The songs float in the ether, remnants of tunes carried to my ears. To hear fragments of such things as an adult is haunting in itself, like poetry, like electricity, like wind, snow, heat.
♥
Family Movie Night has turned from features such as The Incredibles (I think everyone but me knows the entire script by heart) to somewhat more grown-up titles. Of course, the kids have their own viewing of almost anything they want nowadays and LOTR marathons abound on long weekends.
Last Friday night, before Paul’s long trip to Deustchland (which we affectionately call Deustchland über Alles), we had the pleasure of exposing the children to their first Coen Brothers’ movie, Raising Arizona.
While I’ve seen the movie more times than I can count and was aware of the song Ed (Holly Hunter) sings to Nathan Jr., I don’t think I ever paid as close attention as I did this time around.
Down in the Willow Garden:
We all sing strange lullabies to our babies, usually not knowing where they come from.
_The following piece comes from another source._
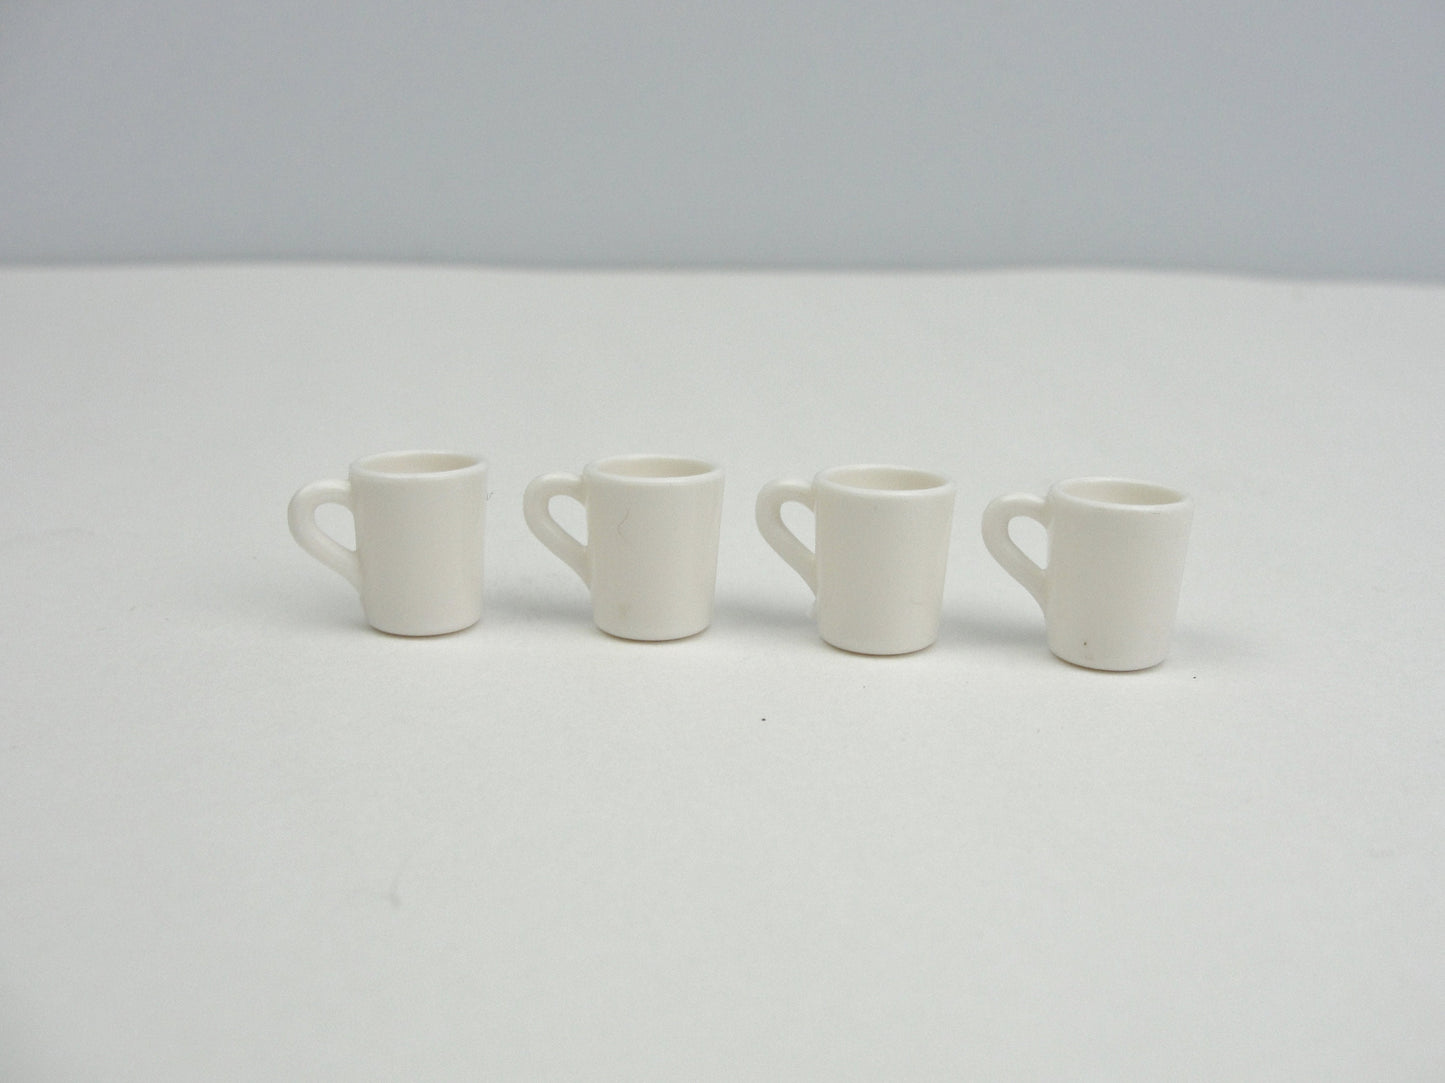 Dollhouse miniature white mugs (empty) set of 4
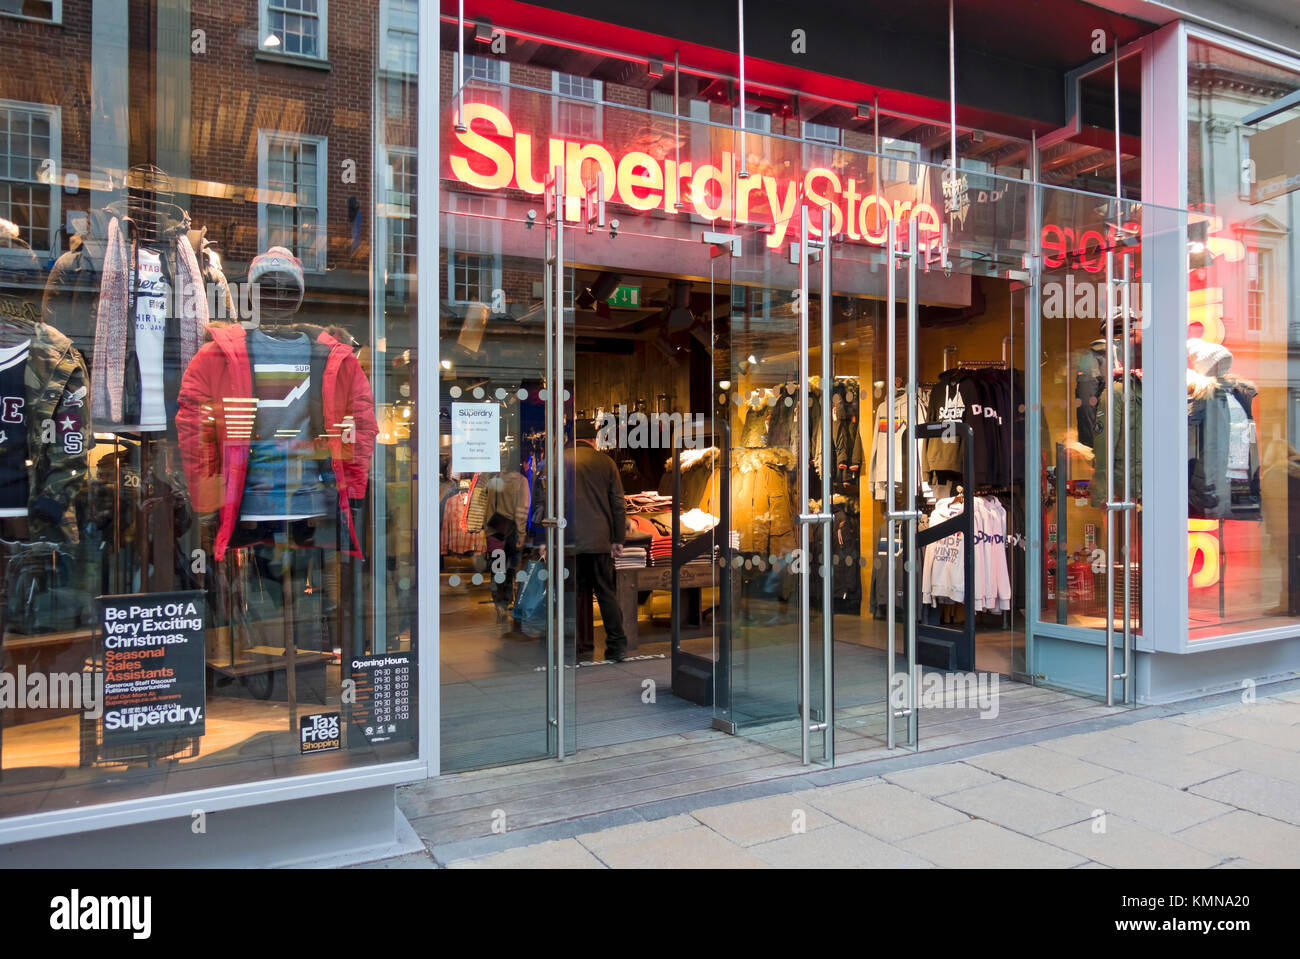 Entrance to Superdry shop store England UK United Kingdom GB Great Britain  Stock Photo - Alamy

I don’t know any murder ballads by heart, but I still sing All the Pretty Little Horses to my girls. It is a haunting tune, also sung in a movie—Silkwood—with Meryl Streep singing it to Cher as they swing on the front porch at night. That was the first time I paid close attention to it and was compelled to hunt down the lyrics (before the Internet!!!).
Even I didn’t have the heart to sing about the babies’ eyes being pecked out and I still don’t. My kids know the words as we have them in a few different songbooks. I suppose, then, mine has been a sin of omission.
There’s a tendency to make the lyrics of some songs more palatable, a revisionist move and one of the casualties of the Politically Correct movement that overtook everything about 25 years back. In children’s lullabies, it is a sign of our inability to cope with the underlying spirit of certain eras. Music IS history.
Here’s a book that bothers me (click on the link, okay my pets?). At first glance, it seems to be inclusive and embracing, I suppose because the people pictured are African American, but it actually robs the history right out from us. Cake is shown and butterflies come around (you’d need a copy in hand to see all of the pages). While some verses of the song cannot be attributed to slaves, some of them tell us what undoubtedly the slaves were not allowed to say in plain English, the code hidden in the words that tell it like it was. This is one way slaves communicated right under the noses of Whitey—through imagery and innuendo. Music was a survival tool and helped to convey information that helped people travel north to Canada (often coded as Canaan in spirituals) via the network of the Underground Railroad. To be able to sing one’s pain (which was more often couched in the stories of struggle from the Old Testament*) in a non-religious text was even more complex, as we can hear in the original lyrics to All the Pretty Little Horses. I cannot abide by the happy pictures in the book. The melody gives it away—it is a mournful song, of grief and sorrow—and the happy characters do not tell the story that the song is trying to tell us.
Read the afterward to the reconfigured lyric in Sylvia Long’s book of Hush Little Baby. The zeitgeist of political correctness was swallowed hook, line, and sinker by this author. While I find the new lyrics sweet and the illustrations quite pretty, to fear that our children learn EVERYTHING THEY NEED TO KNOW FROM ONE LULLABY’S LYRICS displays an immense hubris. To forget and sweep under the rug the richness of our folksong heritage is a crime. It is revisionist and points to our lack of ability to trust our parenting to have mettle and our children to have backbones.
As songs traveled and shifted across the ocean and up and down our country, words changed places within songs, jumped to other songs, were added and left behind. This is WHY they are folk songs—they belong to the people. The words may have been written down at times, but more likely not. To publish a book with revised lyrics is an entirely different matter. It is no longer a folk song. In this instance, it is the author’s whim. I wouldn’t mind so much if the original lyric was presented somewhere in the book, but her ENTIRE point is that the original lyric is–gasp–DANGEROUS to children.
Next two flicks on the docket for Family Movie Night? Rushmore and Down by Law and we all know about the songs in those.
Another one I used to sing to my babies. Let’s not shy away from death either. God bless Elizabeth Cotton.
*Wade in the Water is not just the story of struggle that harkens to the Jews in the Bible, but also contains the very symbolic language to which I also refer in this post. For instance, the colors that the “children” wear may have been worn by people helping the slaves cross north at different stops along the way. But you already knew that, right?